= Tetraneutron =

Hypothesised nuclear physics particle

The tetraneutron is considered an unbound isotope with a lifetime around 10^{−22} seconds. The stability of this cluster of four neutrons is not supported by current models of nuclear forces. Recent empirical evidence is "consistent with a quasi-bound tetraneutron state existing for a very short time".

== Marqués' experiment ==
Francisco-Miguel Marqués and co-workers at the GANIL accelerator in Caen used a particle accelerator to fire atomic nuclei at carbon targets and observed the "spray" of particles from the resulting collisions. In this case the experiment involved firing beryllium-14, boron-15 and lithium-11 nuclei at a small carbon target, the most successful being beryllium-14. This isotope of beryllium has a nuclear halo that consists of four clustered neutrons; this allows it to be easily separated intact in the high-speed collision with the carbon target. Current nuclear models suggest that four separate neutrons should result when beryllium-10 is produced, but the single signal detected in the production of beryllium-10 suggested a multineutron cluster in the breakup products; most likely a beryllium-10 nucleus and four neutrons fused together into a tetraneutron.

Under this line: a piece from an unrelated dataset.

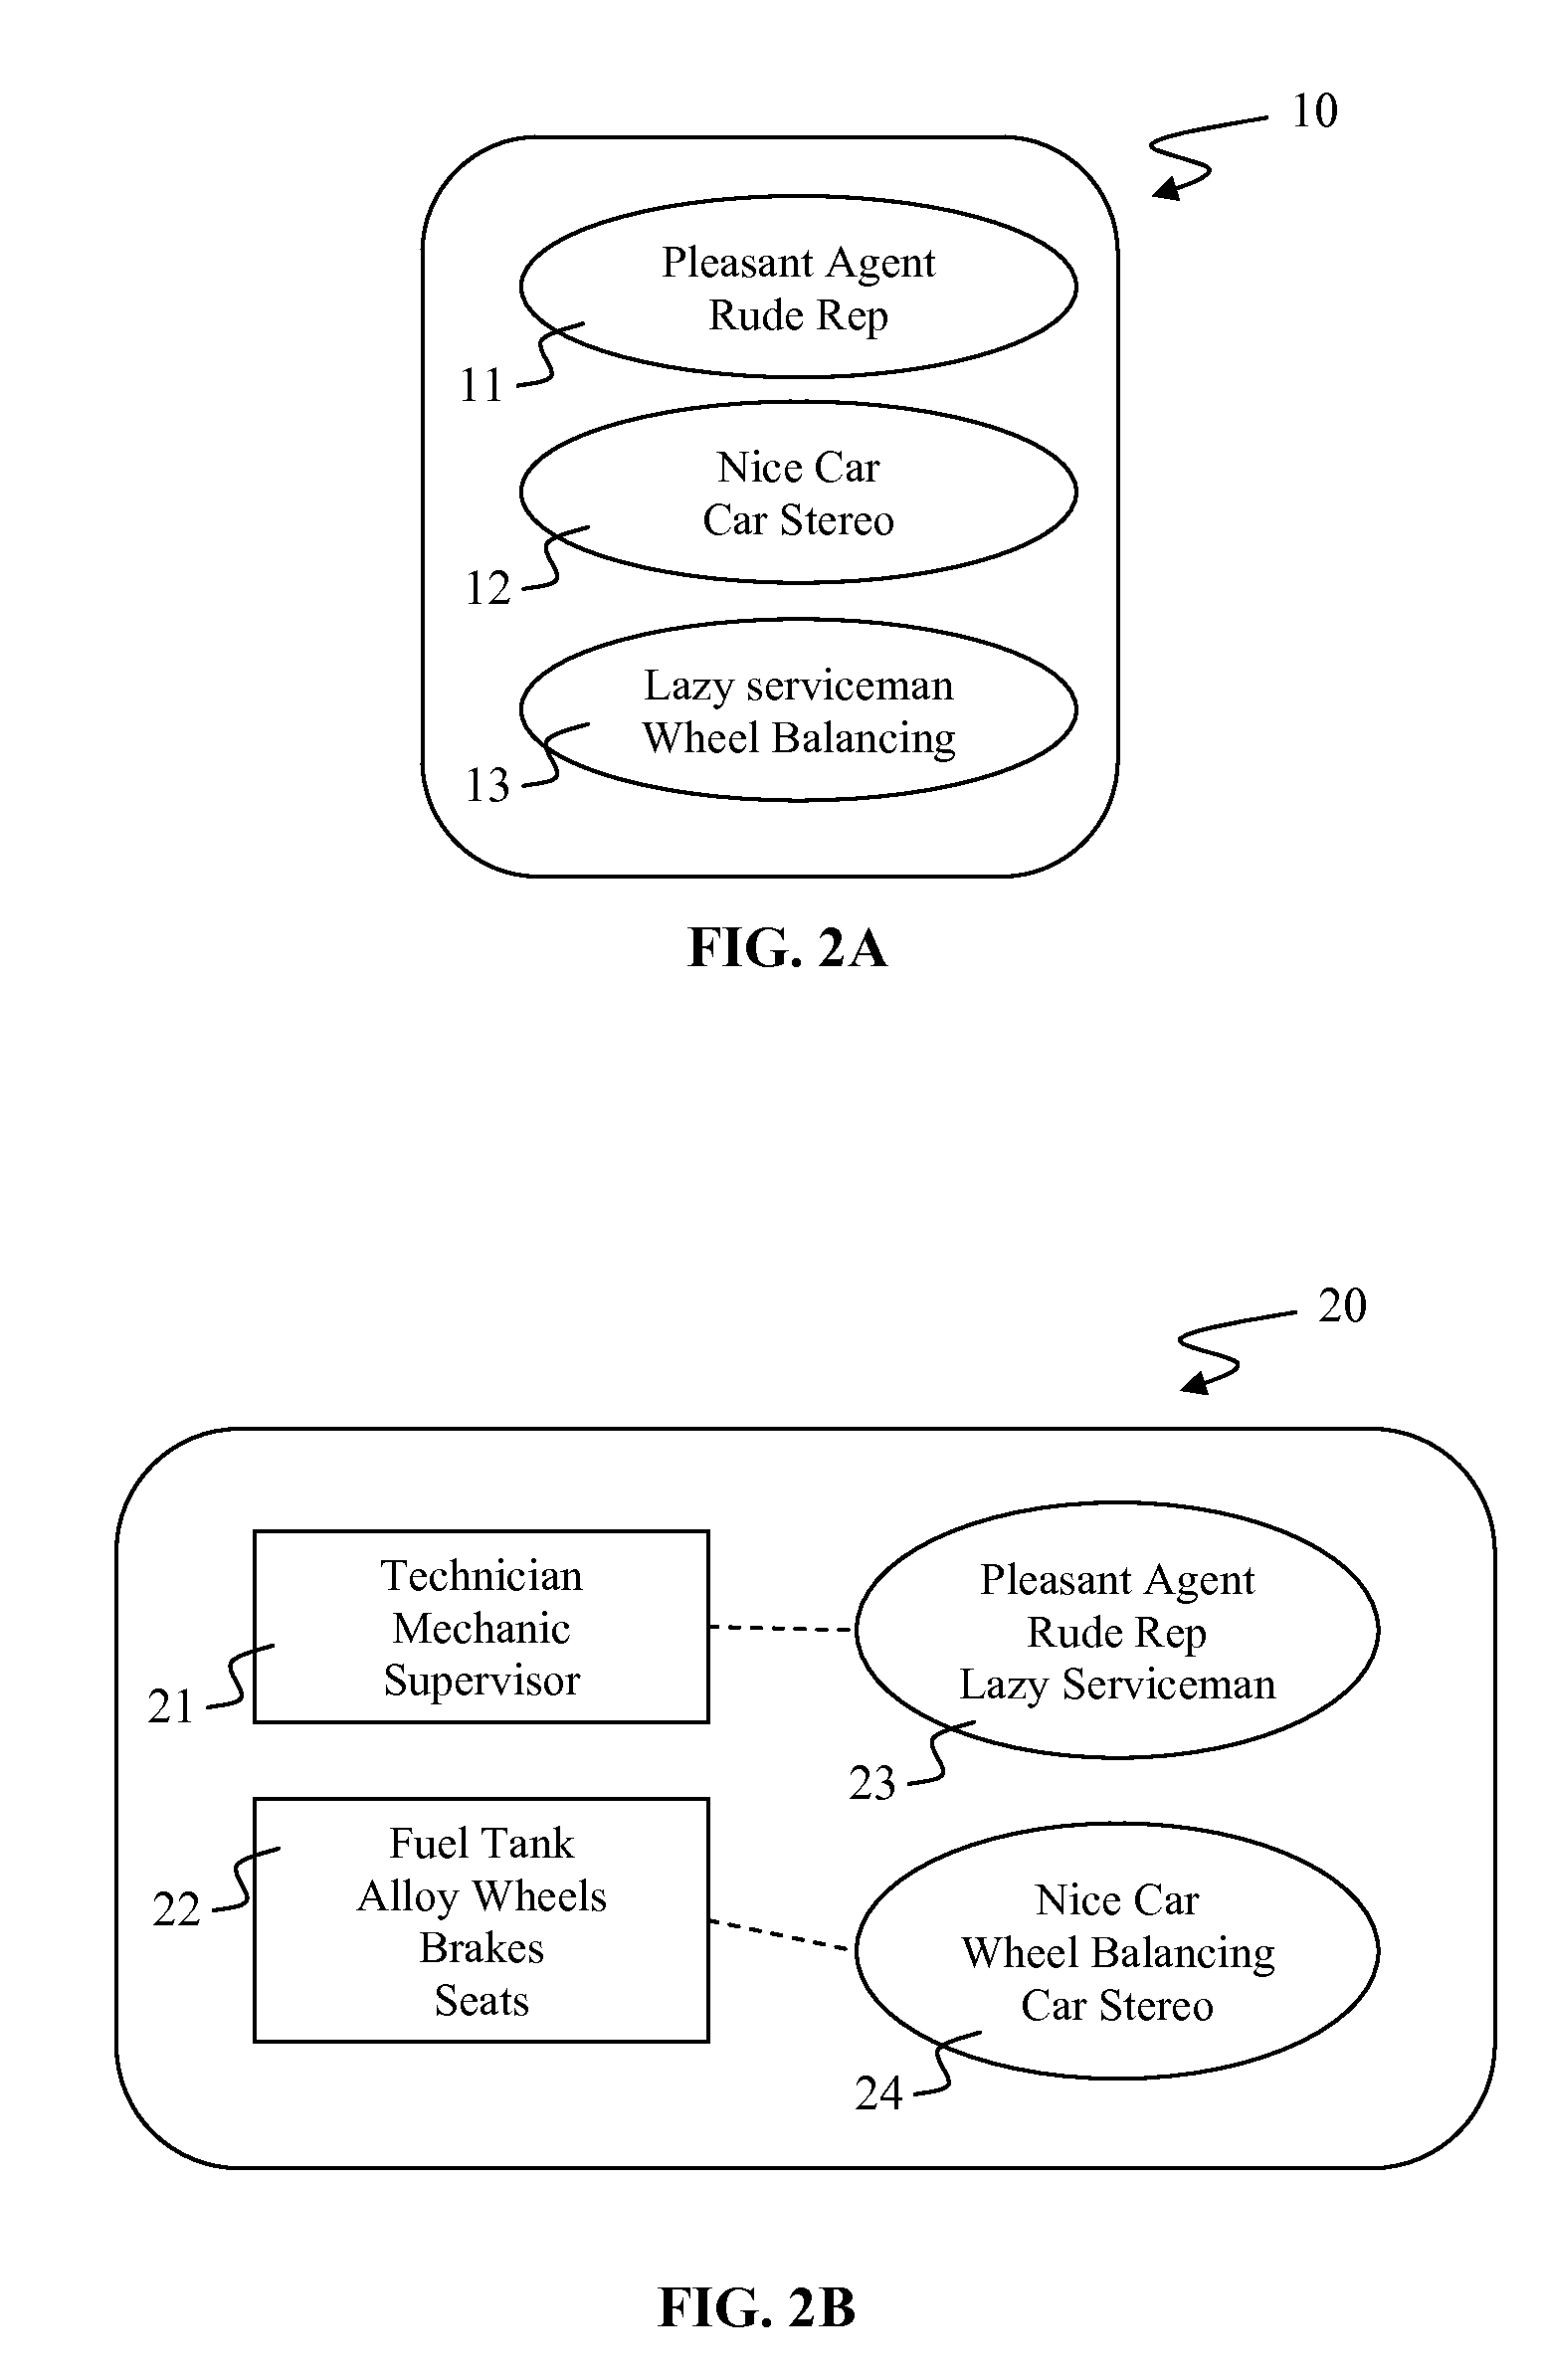 Cross-domain clusterability evaluation for cross-guided data clustering based on alignment between data domains
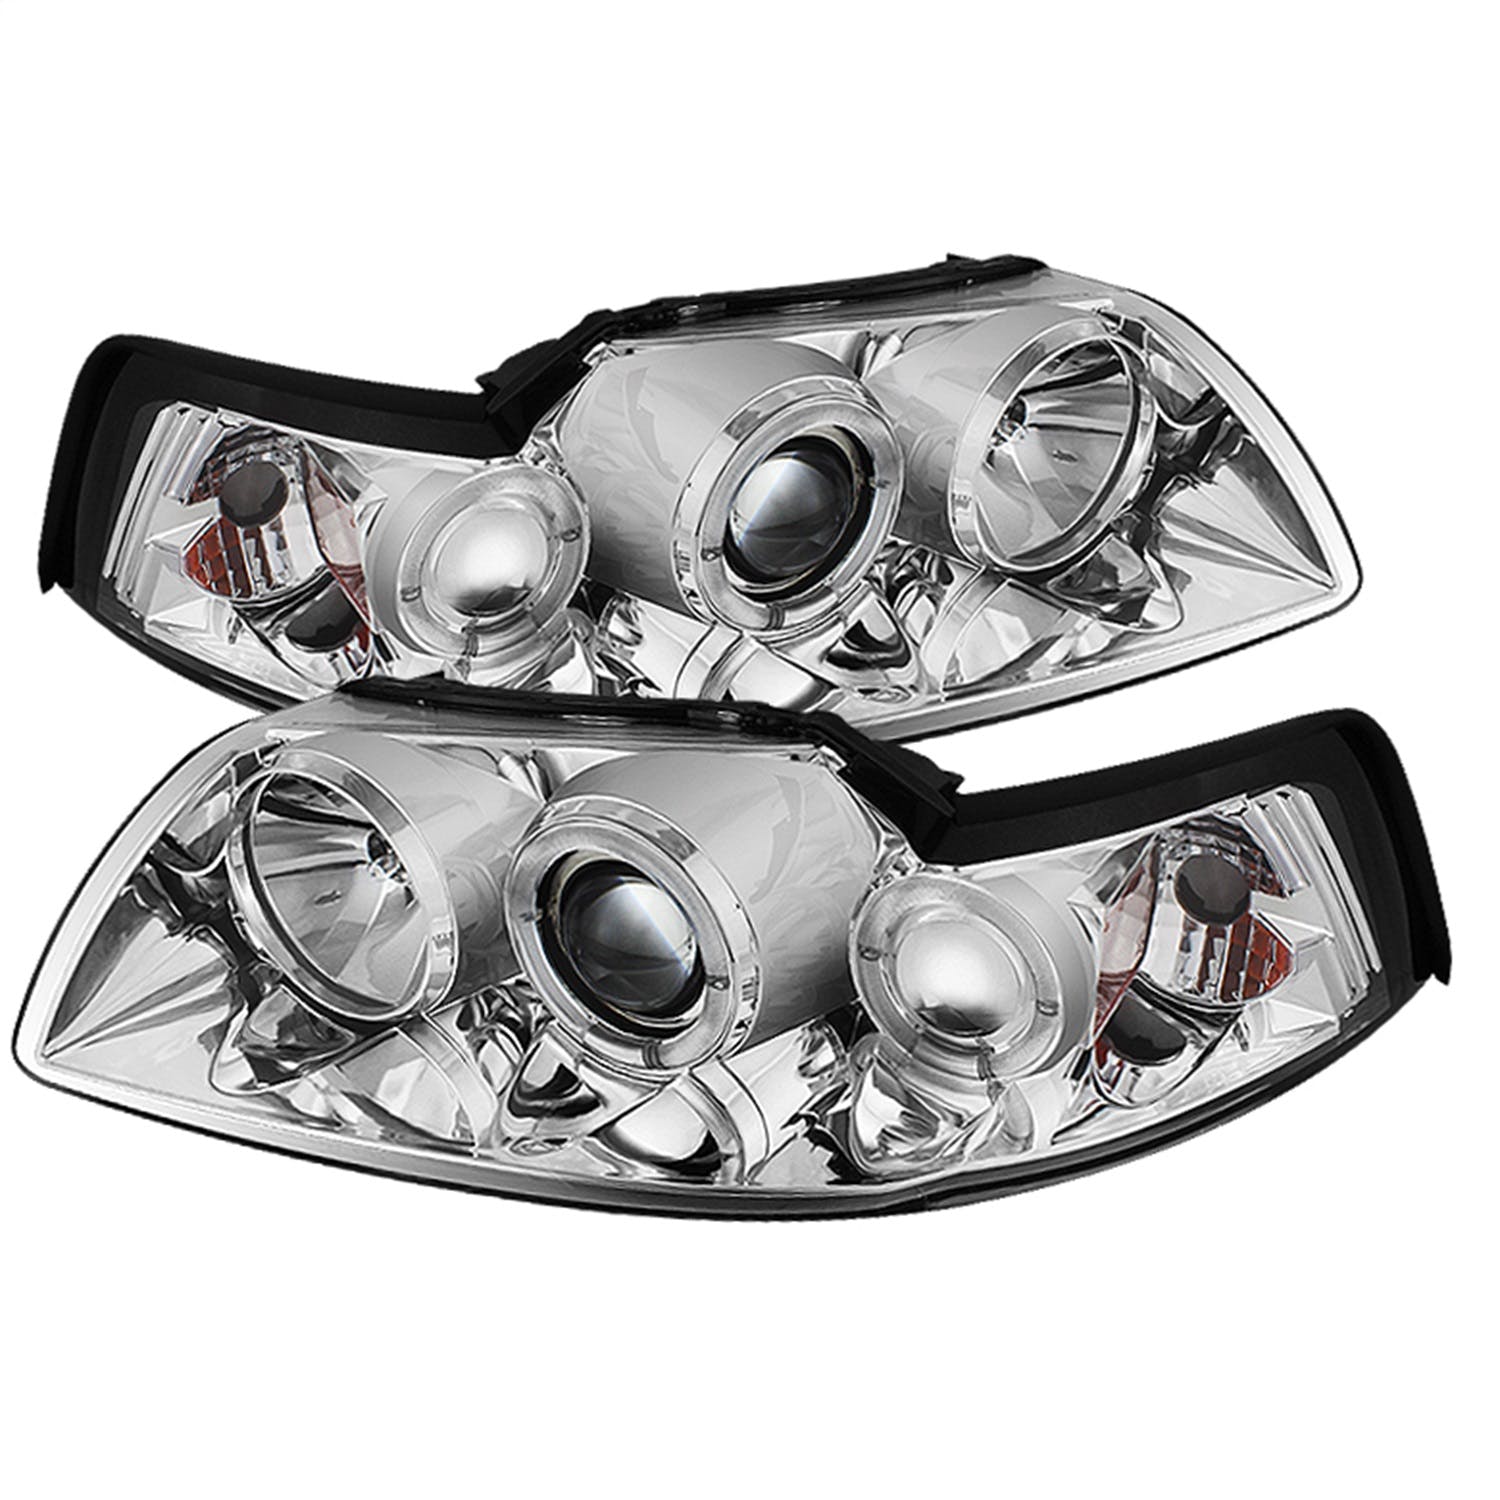 Spyder Auto 5010452 (Spyder) Ford Mustang 99-04 Projector Headlights-LED Halo-Chrome-High H1 (Includ

A later analysis of the method used in the Marqués' experiment suggested that the detection mechanism was unlikely but the suggestion was refuted, and attempts to reproduce these observations with different methods have not successfully detected any neutron clusters.

== Consequences of hypothetical bound tetraneutrons==
If, however, the existence of bound tetraneutrons were ever independently confirmed, considerable adjustments would have to be made to current nuclear models. Bertulani and Zelevinsky proposed that, if it existed, the tetraneutron could be formed by a bound state of two dineutron systems. However, attempts to model interactions that might give rise to multineutron clusters have failed, and it "does not seem possible to change modern nuclear Hamiltonians to bind a tetraneutron without destroying many other successful predictions of those Hamiltonians. This means that, should a recent experimental claim of a bound tetraneutron be confirmed, our understanding of nuclear forces will have to be significantly changed."
Further work in 2019 suggests potentially observable consequences in neutron star crusts, if the tetraneutron exists.

== Evidence for very short lived resonances ==

In 2016, researchers at RIKEN in Wakō, Japan observed evidence that the tetraneutron exists briefly as a resonance. They fired a beam of neutron-rich helium-8 nuclei (two protons and six neutrons) at a liquid target composed of helium-4 (two protons and two neutrons). Occasionally, the reaction produced beryllium-8 nuclei with four protons and four neutrons, leaving four neutrons unaccounted for. If a four-neutron nucleus did occur, it lasted for about 10^{−21} seconds before decaying into other particles.

Evidence for unbound clusters of 4 neutrons resonances in the disintegration of beryllium-14 nuclei, in ^{8}He-^{8}Be interactions, and collisions of ^{4}He nuclei give an estimated lifetime around 10^{−22} seconds.
These discoveries should deepen our understanding of the nuclear forces.